→ **WHAT YOU SHOULD DO**
Apart from the pictures, print the data below exactly as given.

→ **DATA BELOW**
----

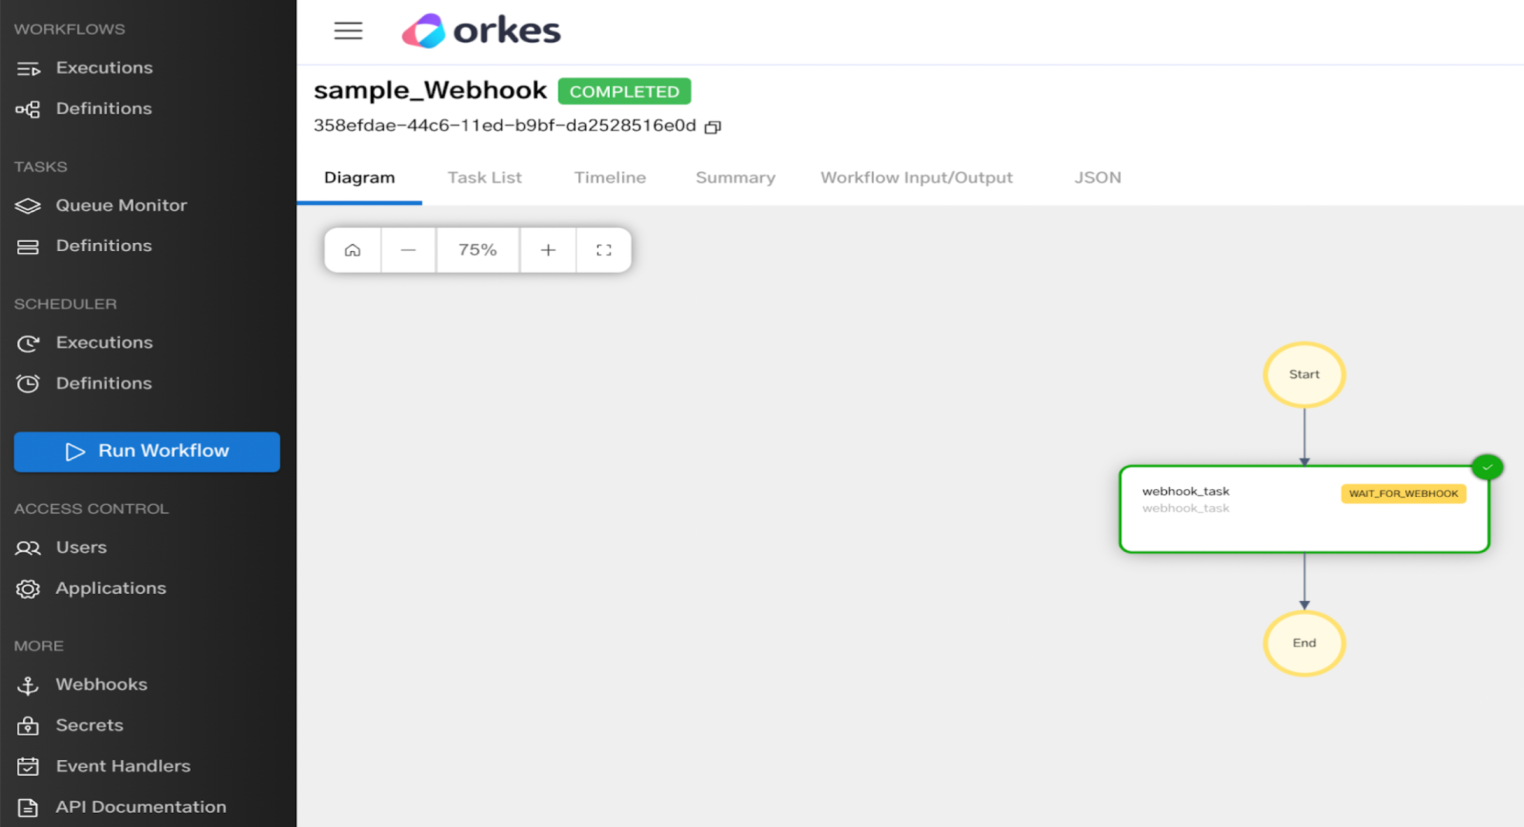 Webhook workflow in COMPLETED status
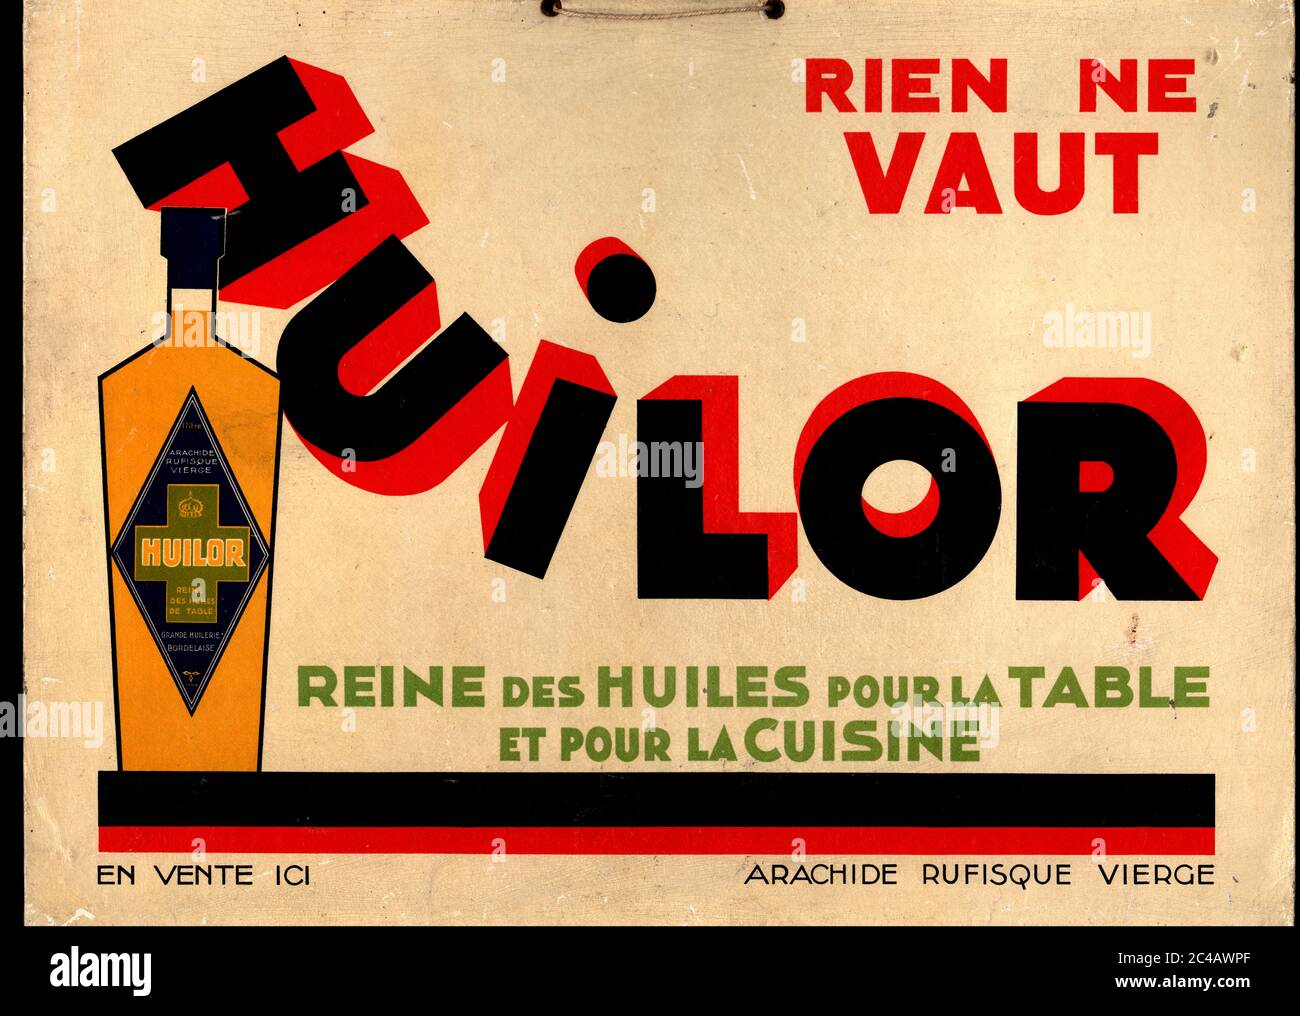 Carton PLV huile Huilor vers 1940 / oil Huilor around 1940 Stock Photo
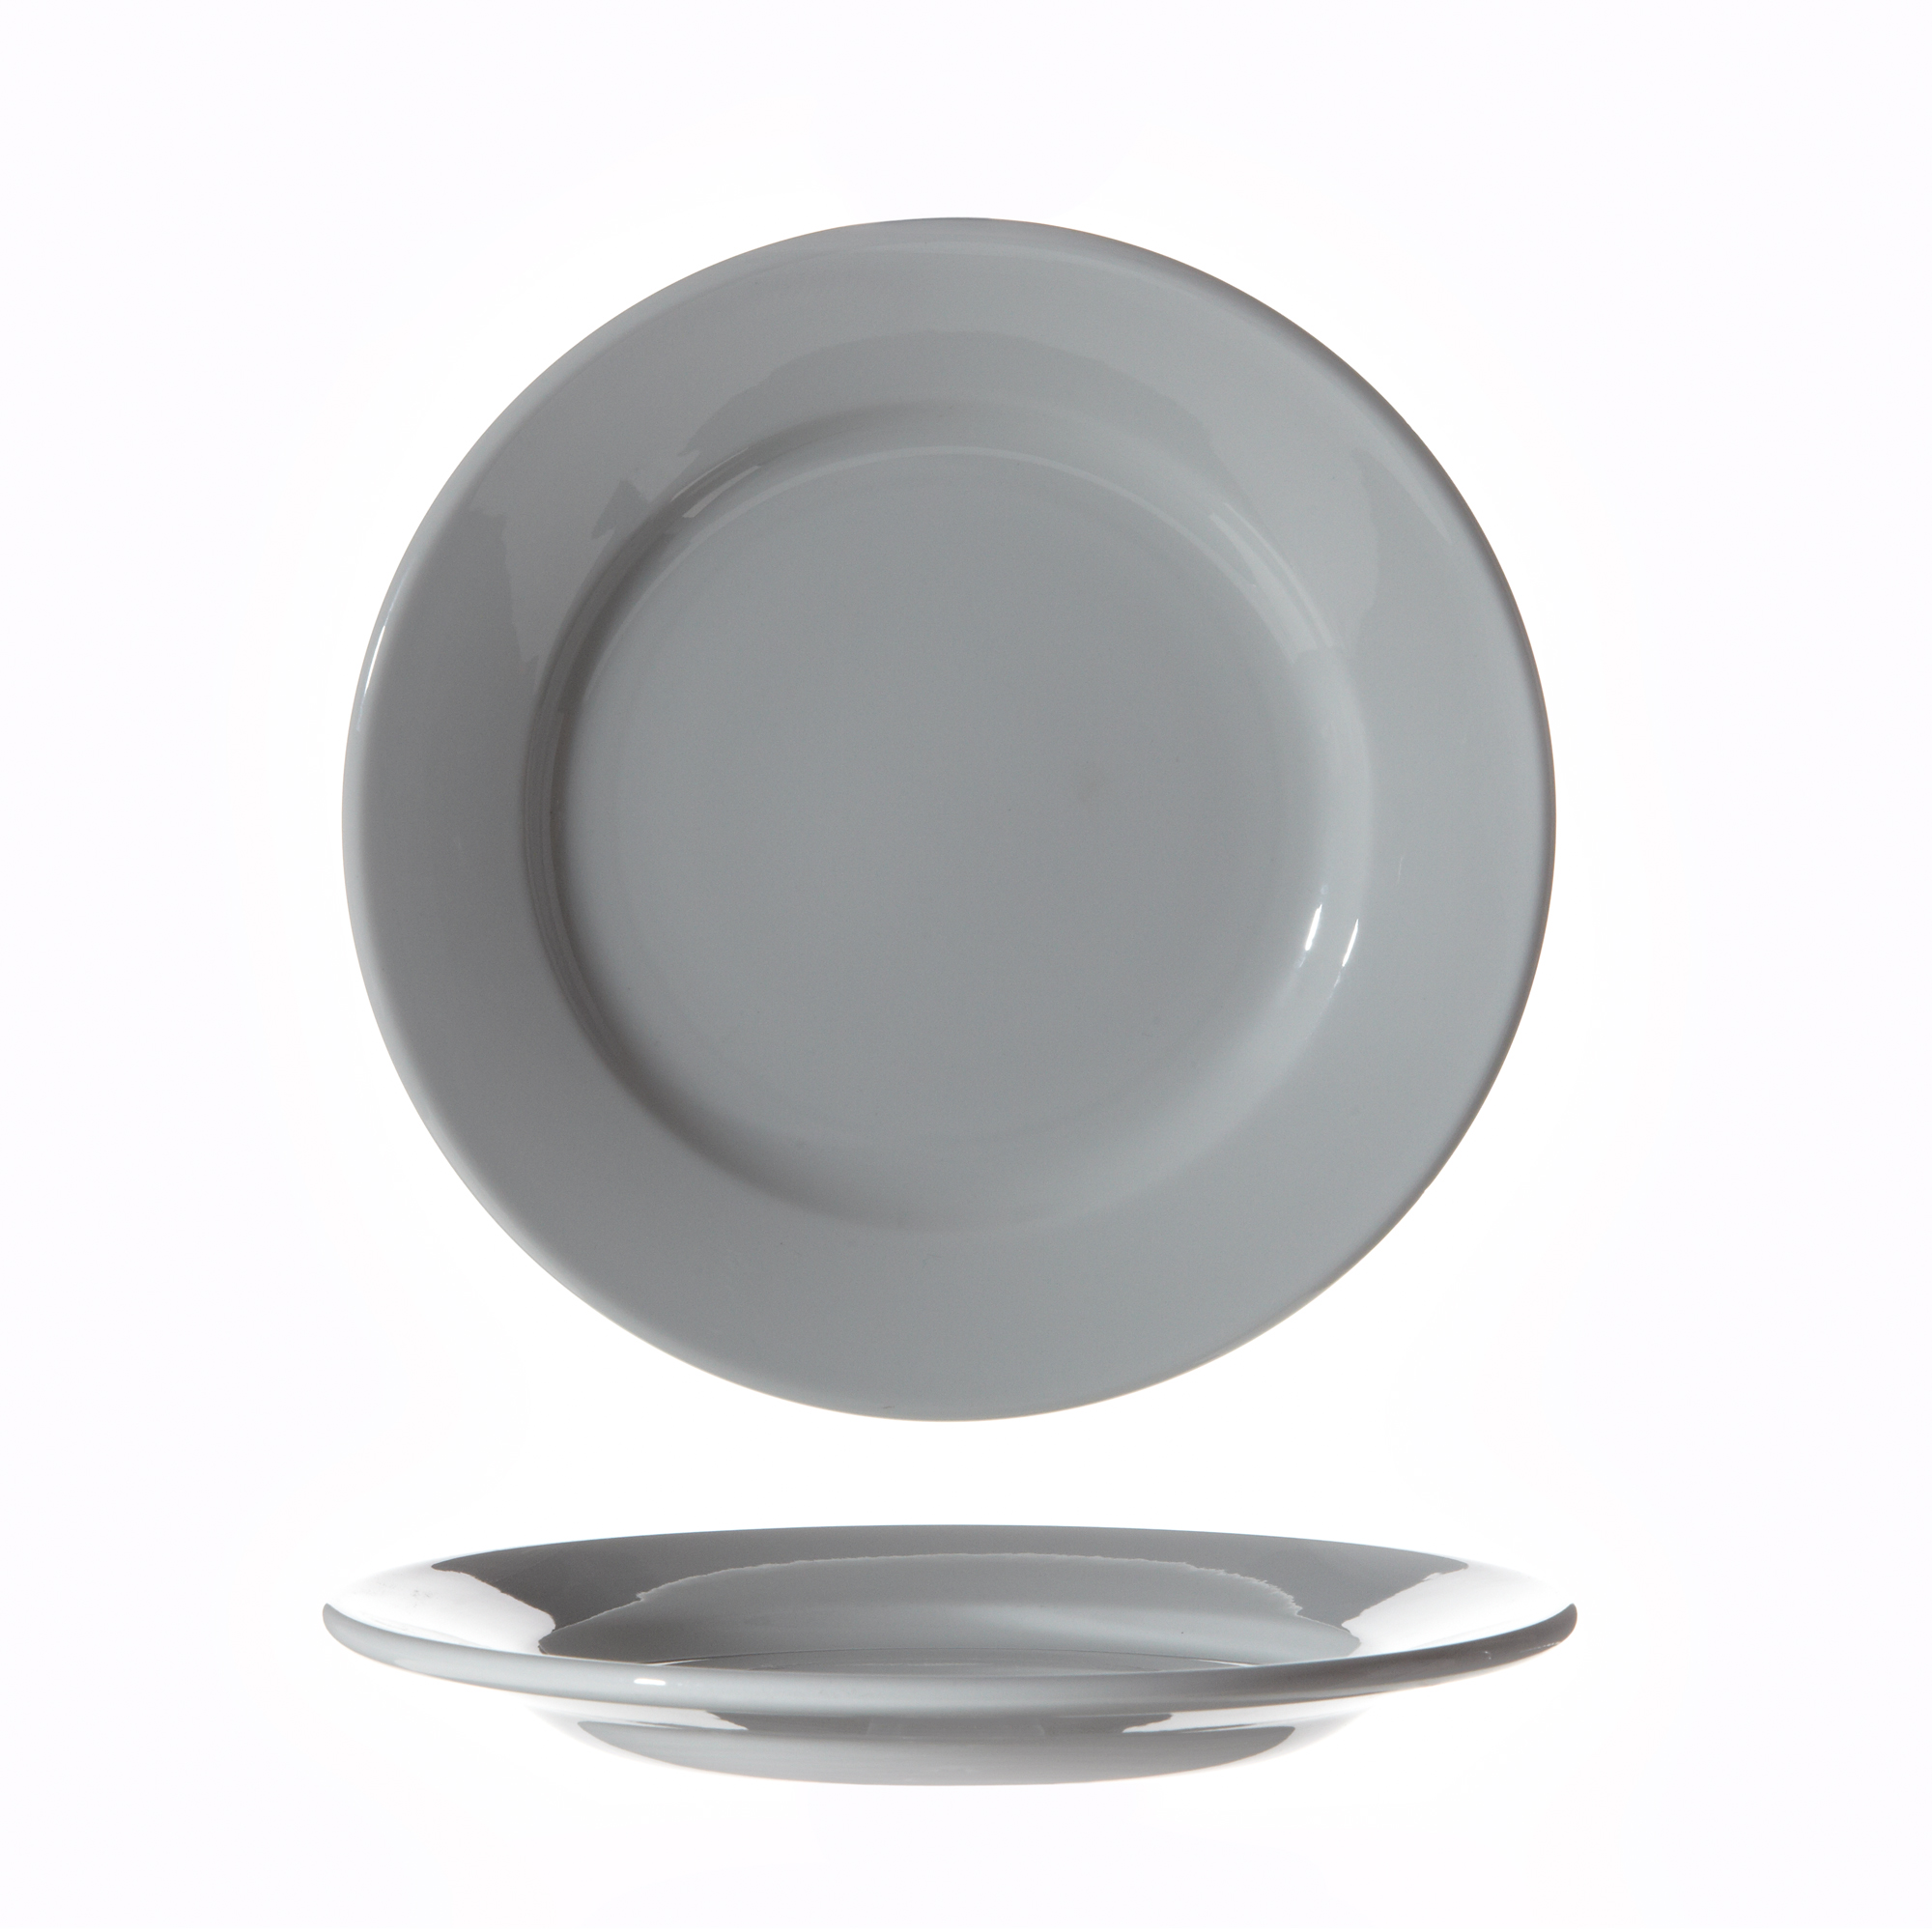 Assiette plate Bourrelet n° 3 en porcelaine diam 228 mm - Réf. 591002 - Illustration n°1

----

→ **ANSWER FOR THIS EXERCISE**
 Webhook workflow in COMPLETED status
 Carton PLV huile Huilor vers 1940 / oil Huilor around 1940 Stock Photo
 Assiette plate Bourrelet n° 3 en porcelaine diam 228 mm - Réf. 591002 - Illustration n°1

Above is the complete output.